Glossary

Self-Consistency

Self-consistency (Wang et al. 2022) is a simple but effective technique for improving LLM reasoning quality. Rather than greedy-decoding a single chain-of-thought (CoT), sample $N$ different CoT traces with temperature and take the majority answer across them.

Algorithm:

  1. Prompt the model with a question + CoT instruction.
  2. Sample $N$ CoT traces with temperature $T > 0$ (typical $N = 20$ to $100$, $T = 0.7$).
  3. Extract the final answer from each trace.
  4. Return the most common answer (mode of the $N$ answers).

Why this works:

  • Diverse reasoning paths: with temperature, different runs explore different solution strategies.
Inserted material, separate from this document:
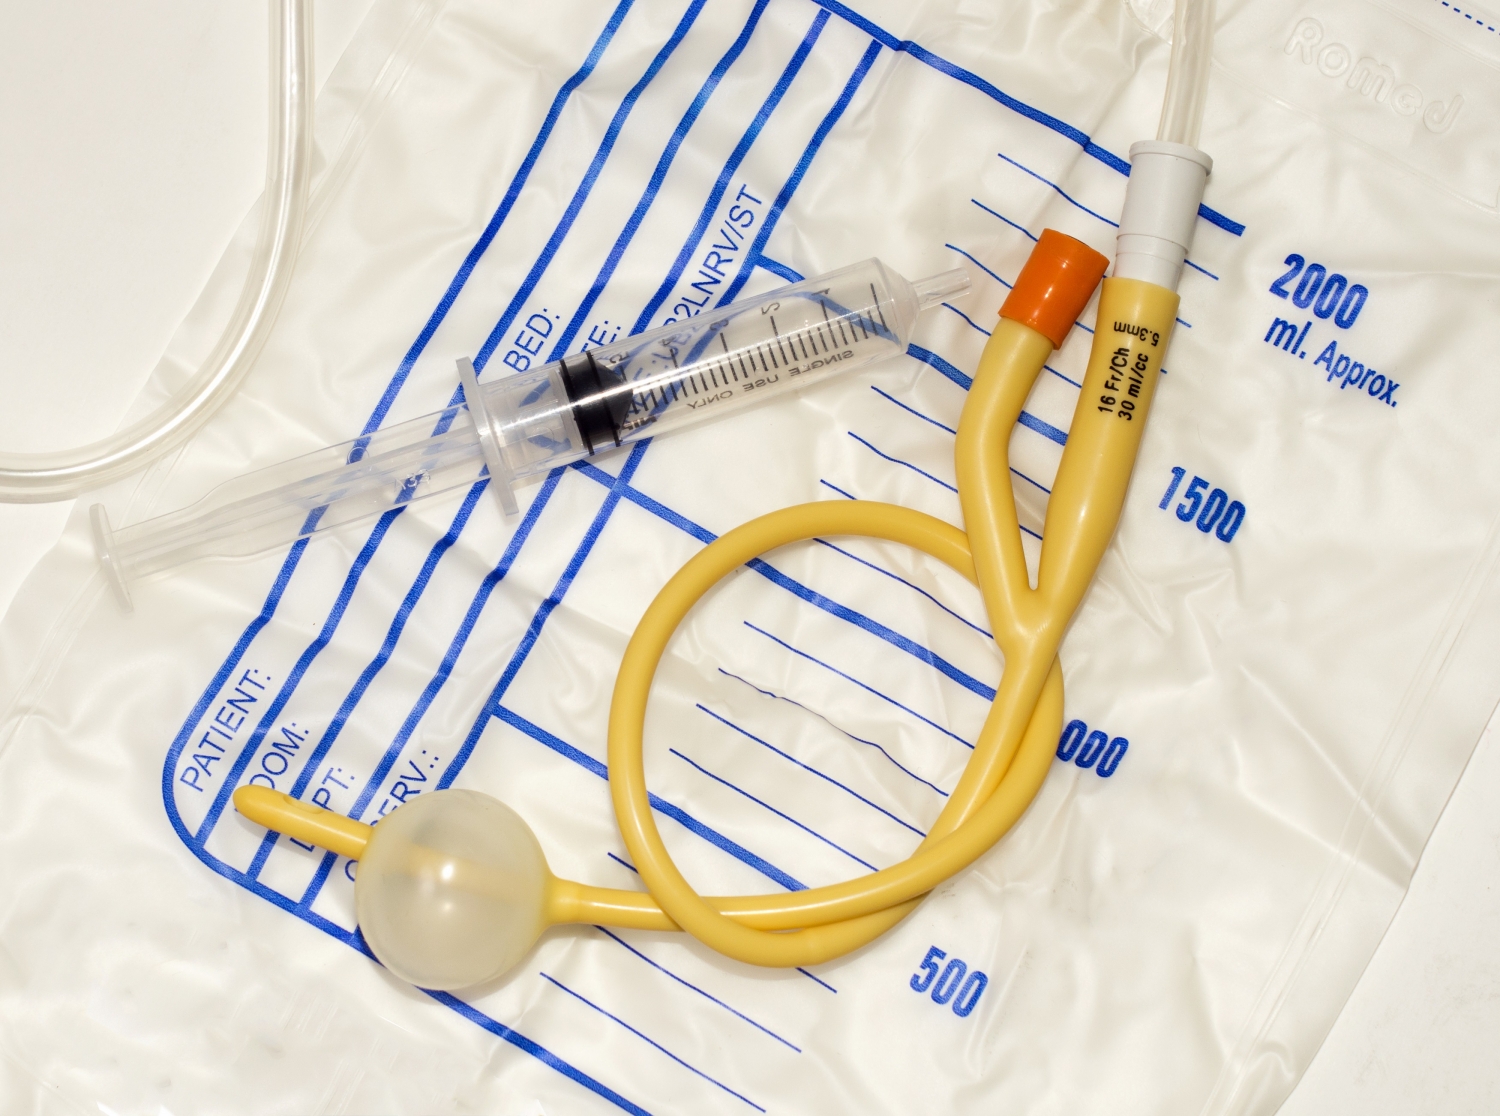 Urinary Catheter Care With Images Catheter Urinary Catheterization | My ...

Errors tend to be path-specific while correct answers can often be reached via multiple paths.
  • Reduces variance: a wrong answer requires a flawed reasoning path; majority voting suppresses outliers.
  • Free quality improvement: no additional training required; just inference-time compute.

Empirical results: on grade-school math (GSM8K), self-consistency with $N = 40$ improved a 540B PaLM from ~57% to ~75% accuracy in the original paper. Similar gains across many reasoning benchmarks.

Variants:

Universal self-consistency (Chen et al. 2023): rather than majority voting on extracted answers, prompt the model to read all $N$ traces and select the most consistent. Useful when answers are open-ended.
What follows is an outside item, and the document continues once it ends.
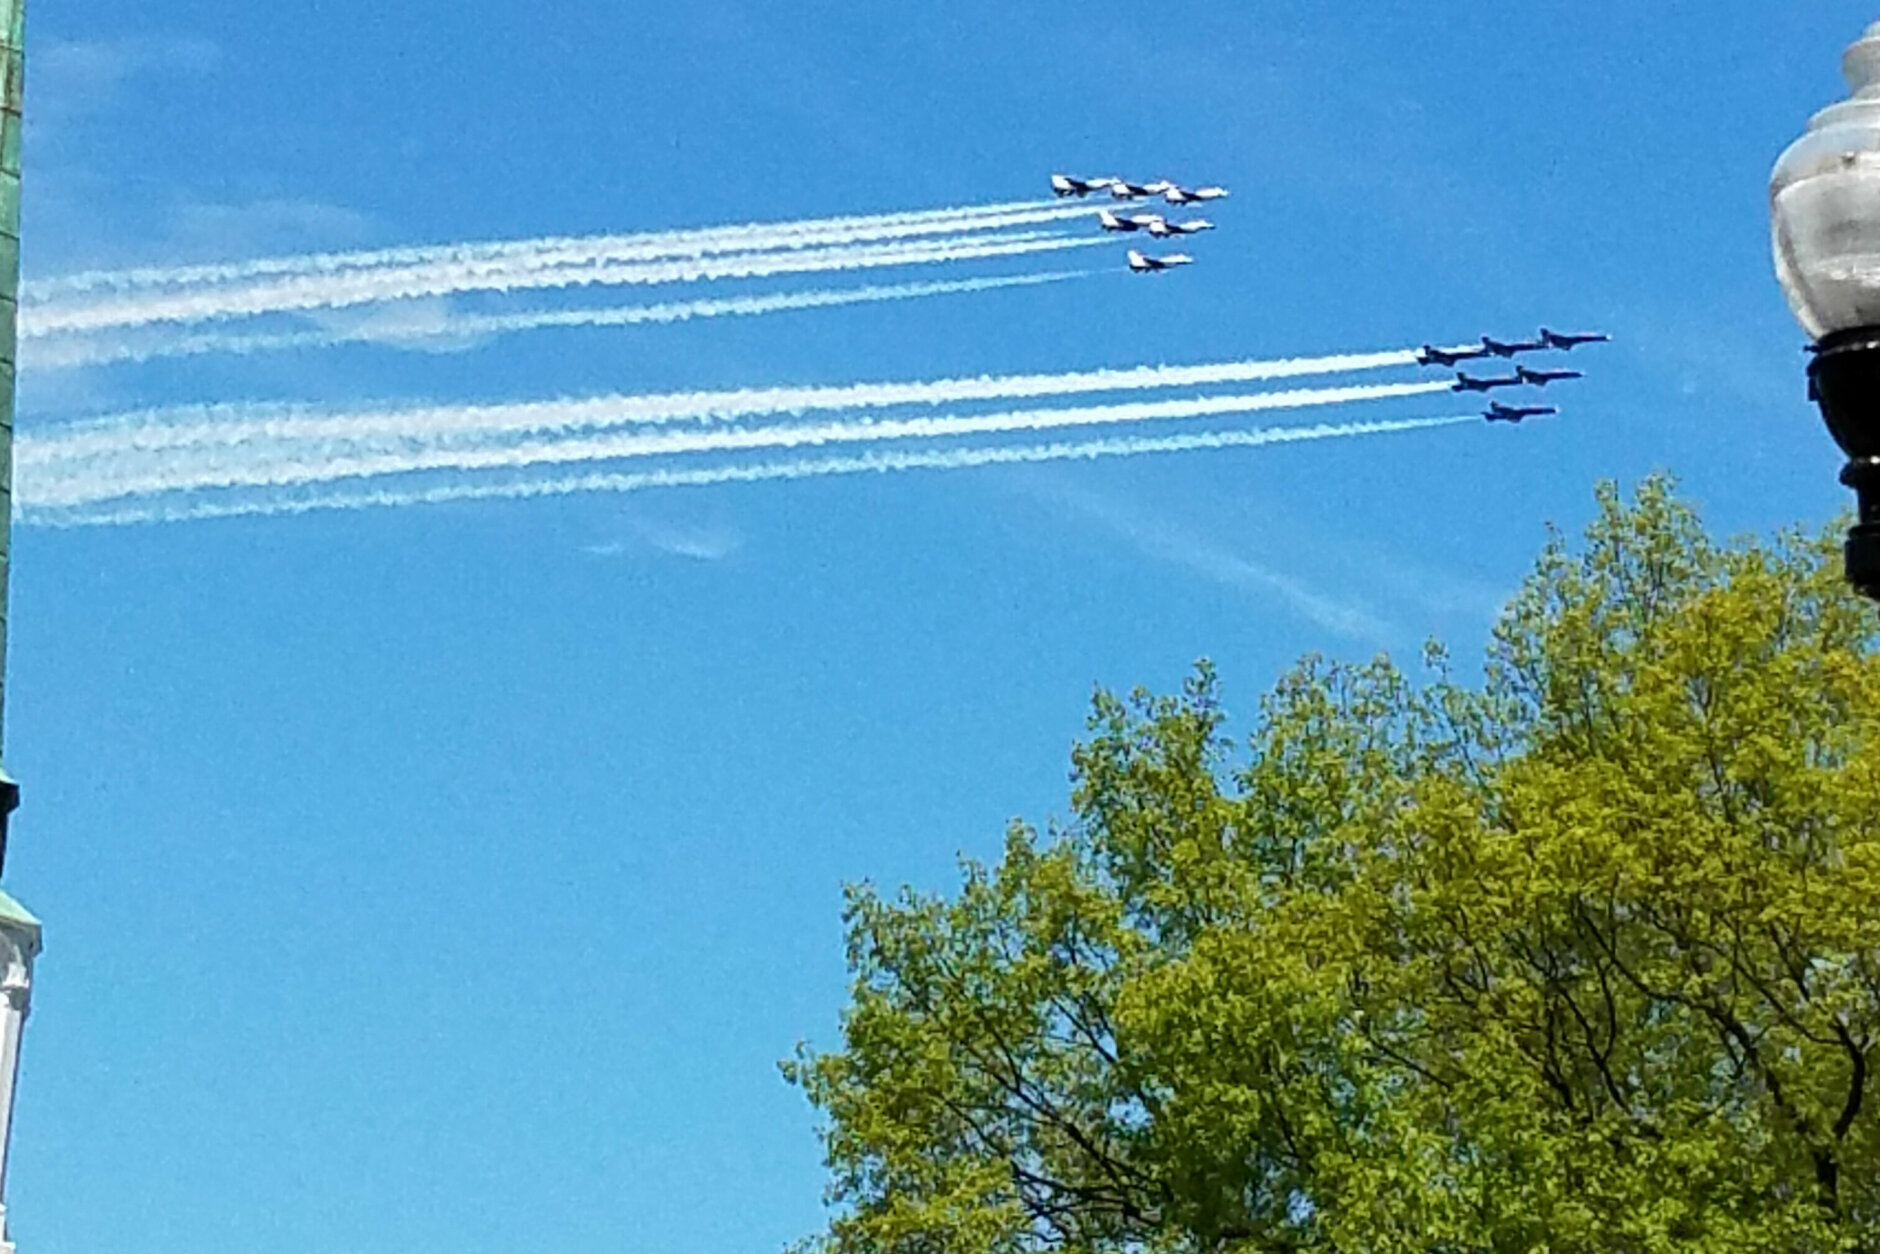 Military jets in the skies above Arlington, Va.

Weighted self-consistency: weight votes by the (model-estimated) confidence of each trace.

Self-consistency with verification: use a separate verifier model to score each trace; weight or filter votes accordingly.

Connections:

Self-consistency is one of several test-time compute techniques that trade inference cost for quality. Others include best-of-$N$ (sample $N$, score, pick best), tree-of-thoughts (search tree of candidate continuations), reasoning models (o1, DeepSeek-R1) that internalise extended CoT during training.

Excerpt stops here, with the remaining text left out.